In time, Chisholm finds another mission, established long ago, up in the mountains, and he befriends the local believers there, helping them to become more standard in their practices. He gains a few sisters who come to assist him with his work. Disliking him at first, the sisters come to view him favorably, when they see how sincere he is, even if his views are not mainstream.
One of these particular views is that there are many roads to heaven. Hence, Francis doesn't feel a need to convert people to Catholicism as he is supposed to. When a Methodist mission sets up in the same town, he befriends the missionary couple rather than try to intimidate them into leaving.

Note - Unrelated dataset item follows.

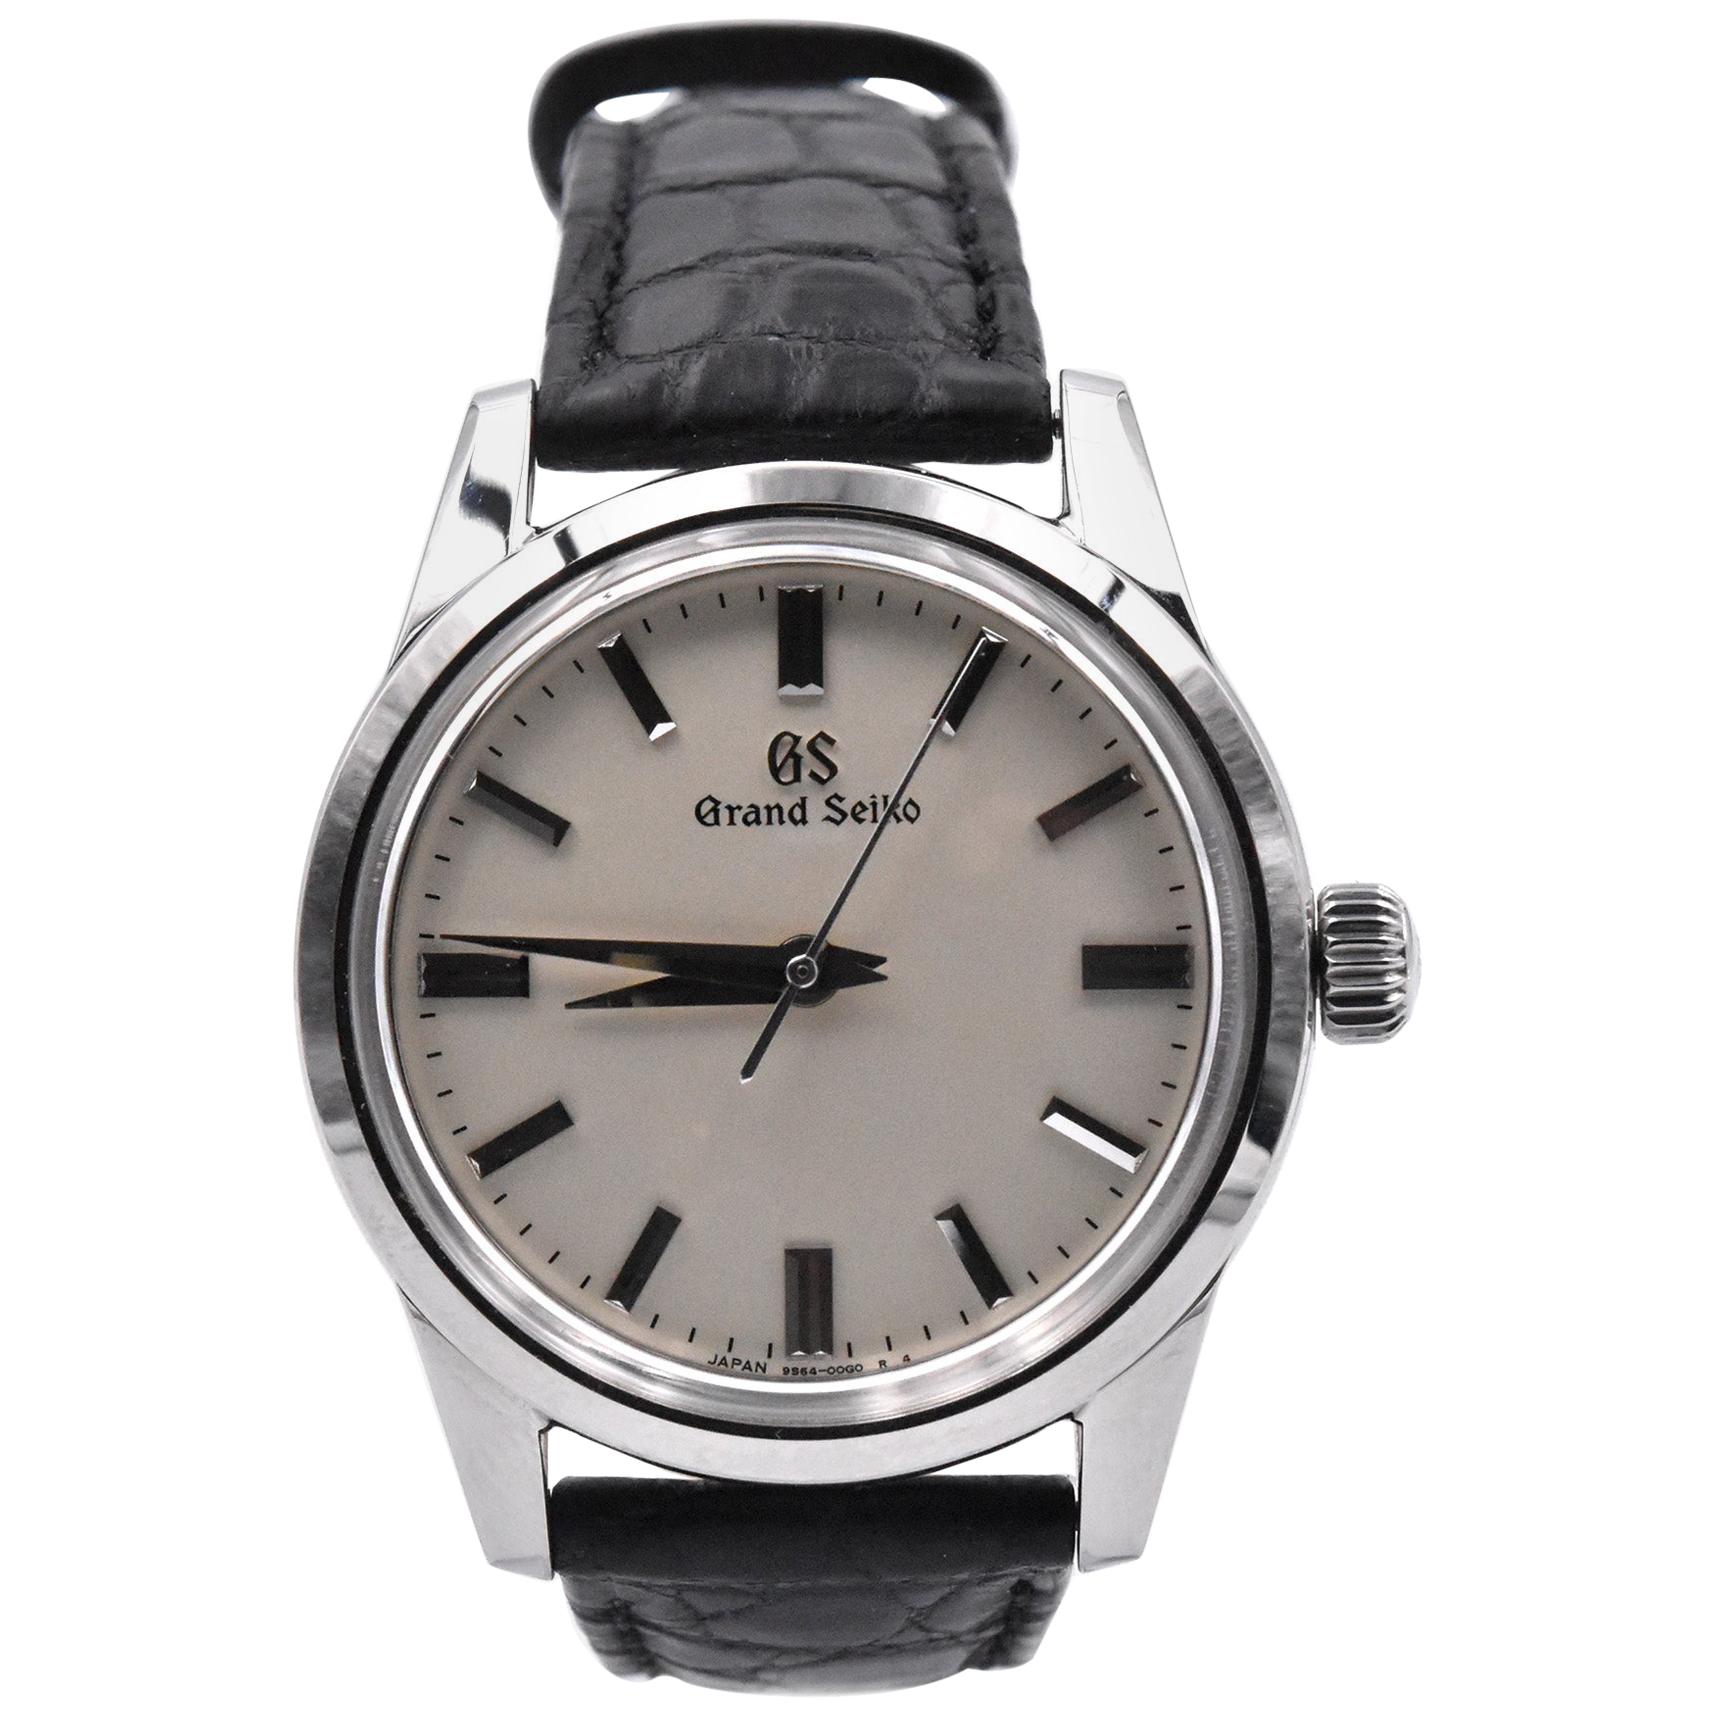 Grand Seiko Stainless Steel Elegance Collection Watch Ref. SBGW231

At some point along the way, a civil war erupts in his area of China, and two warlords battle over the land on which Chisholm's mission rests. Chisholm helps the wounded from both camps, and he shelters men who don't want to fight. For this, he is threatened--if he continues to do such things, his mission will be destroyed. Meanwhile, in Europe, World War I has erupted, and the church is going to bat for one side or the other. Even in his own parish, Chisholm sees the disagreement split his three sister assistants, as they are from warring nations. If the church would just tell people not to fight, he thinks, we could have peace. It is wrong for Christians to fight one another.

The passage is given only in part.